Make sure to import it in your script or Python environment:

import russborrow

Note: If a variable is initialized (e.g., borrowed in the examples), it will store the returned object. If no variable is used, the module will work with provided input and output files. If neither a variable is initialized nor an output file is provided, the code won’t crash, but no output or return will be given.

Option 1: Analyze Text String

Example 1:

borrowed = russborrow.extract("""
Значимость этих проблем настолько очевидна, что синтетическое тестирование
требует анализа экспериментов, поражающих по своей масштабности и грандиозности.
""")

Example 2:

text_to_analyze = """
Значимость этих проблем настолько очевидна, что синтетическое тестирование
требует анализа экспериментов, поражающих по своей масштабности и грандиозности.
"""
borrowed = russborrow.extract(text_to_analyze)

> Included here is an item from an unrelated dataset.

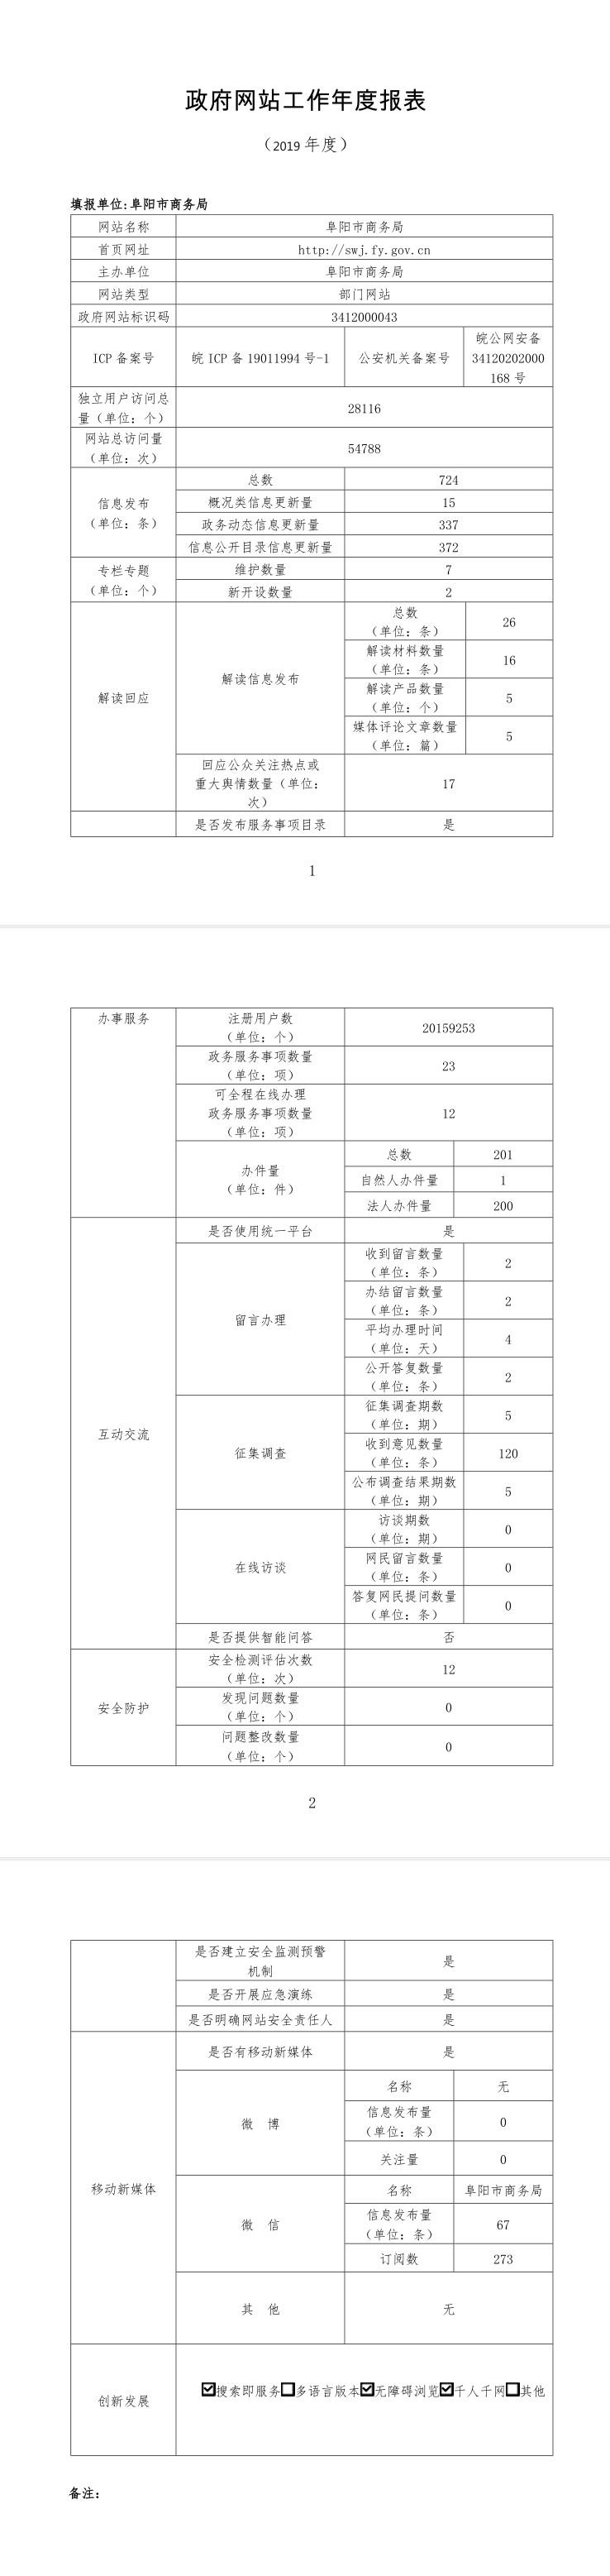 阜阳市商务局2019年度政府网站工作报表.png

Option 2: Analyze Text File

Example 1, Standard Usage with ~:

file_path = '~/Desktop/text.txt'
borrowed = russborrow.extract(file_path)

Example 2, Windows Path:

file_path = r"C:\Users\Username\Documents\file.txt"
borrowed = russborrow.extract(file_path)

Example 3 (File in the same directory as the code):

borrowed = russborrow.extract('text.txt')

Option 3: Provide Output File Path

Specify an output file path to create a file containing the analysis results. The provided file path must end with either .txt or .csv. If the specified file already exists, it will be overwritten.

Example 3:

output_path = '~/Desktop/newoutput.txt'
borrowed = russborrow.extract(string, output_path)

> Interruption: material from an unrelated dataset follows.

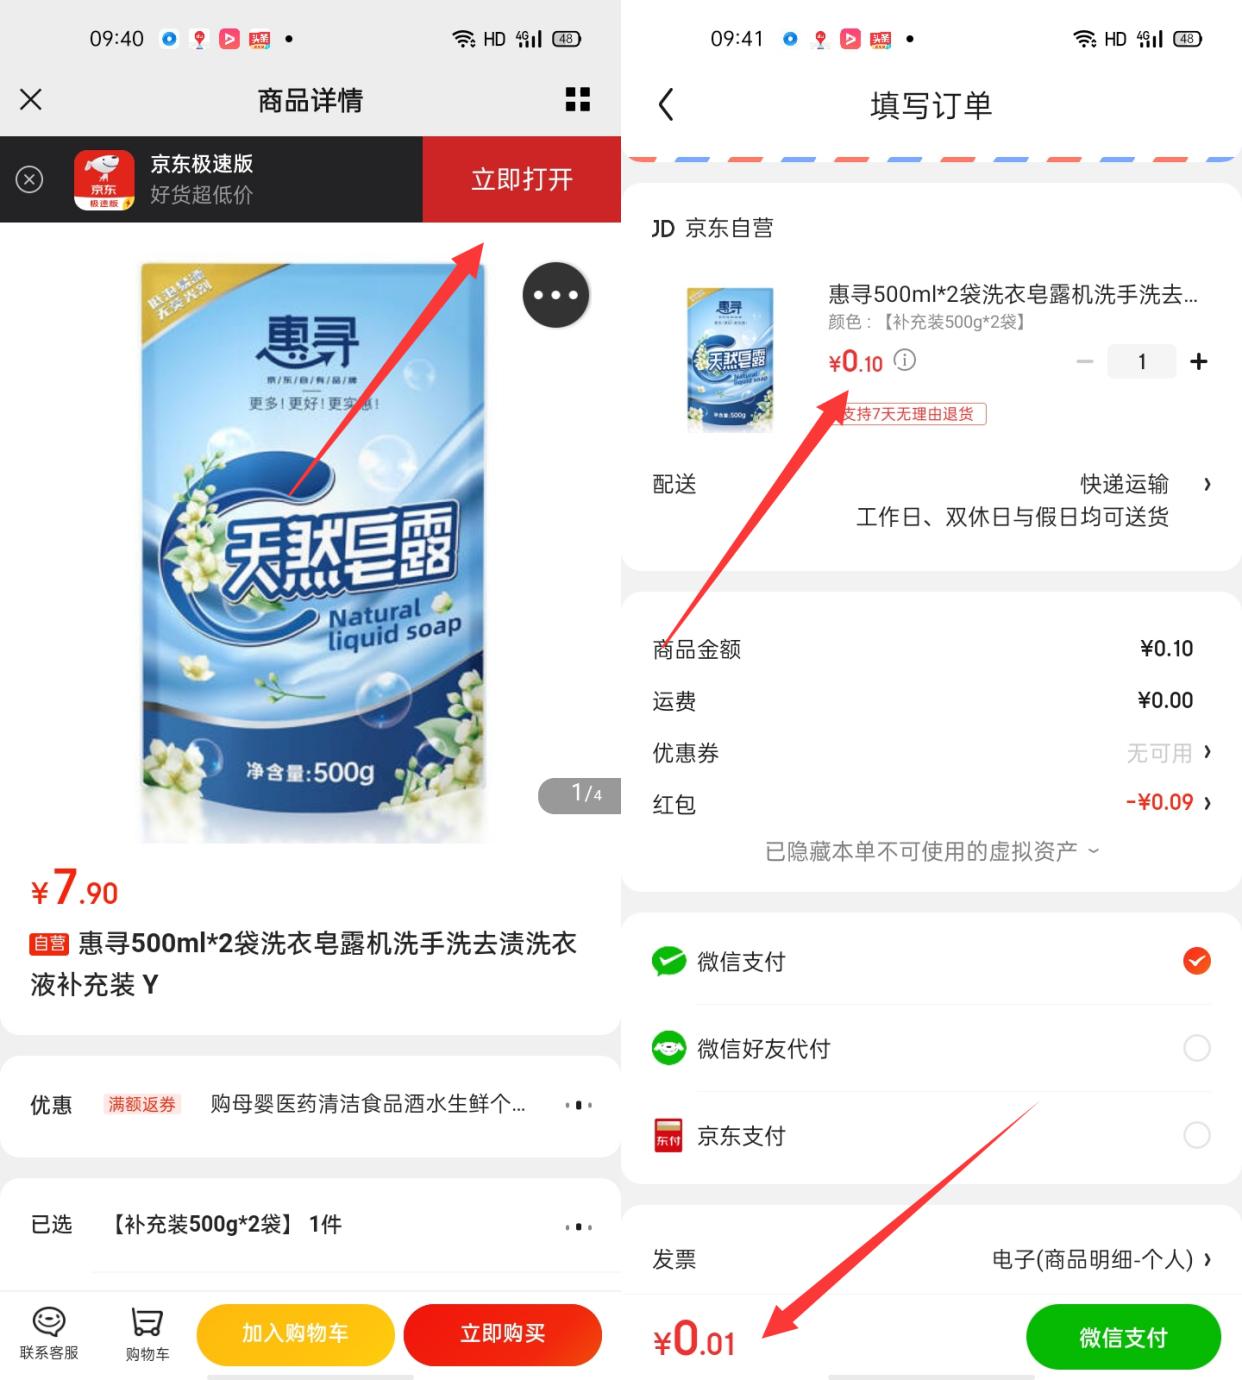 0.1元购买2袋洗衣液,打开京东极速版APP购买!部分账

Returned Object Attributes

The russborrow.extract function returns an object of the Borrowed class with the following attributes:

  • borrowed.len: Total number of words in the text.

  • borrowed.bor: Number of borrowed words in the provided text.

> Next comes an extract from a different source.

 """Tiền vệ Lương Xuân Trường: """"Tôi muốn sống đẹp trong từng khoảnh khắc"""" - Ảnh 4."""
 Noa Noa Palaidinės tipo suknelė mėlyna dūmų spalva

  • borrowed.percent: Percentage of borrowed words in the provided text.

  • borrowed.dict: A dictionary containing normalized versions of borrowed words as keys with the following values:

    • value[‘Repeats’]: Count of the word (normalized version) in the text.

    • value[‘Value’]: Description of the word.

    • value[‘Origin’]: Language of origin of the borrowed word.

    • value[‘Instances’]: List of all borrowed words before normalization found in the original text that have the normalized version as the key.

Note: Object attributes have no setters.

Used Resources

Pymorphy2

Pymorphy2 is a Python package for morphological analysis and inflection. It is used in the russborrow module to normalize words for comparrison with dictionary.

Borrowed Words Dictionary

The dictionary used for identifying borrowed words is sourced from Wiktionary. It is stored in the borrowed_dictionary.csv file within the russborrow module. The dictionary format includes the following columns:

  • Key: Borrowed word

  • Value: Description of the word

  • Origin: Language of origin

Example entry in the dictionary:

гламур, — glamer, от gramarye «магия, заклинание», Из гэльского (шотландского)

Exclusion Note: The word “они”” — 鬼 «демон» (демоны-людоеды, умеющие обращаться в людей) has been intentionally excluded from the dictionary for the following reasons

  • Pymorphy and its resources recognize the word “они” solely as a pronoun (местоимение) without a noun form (существительное).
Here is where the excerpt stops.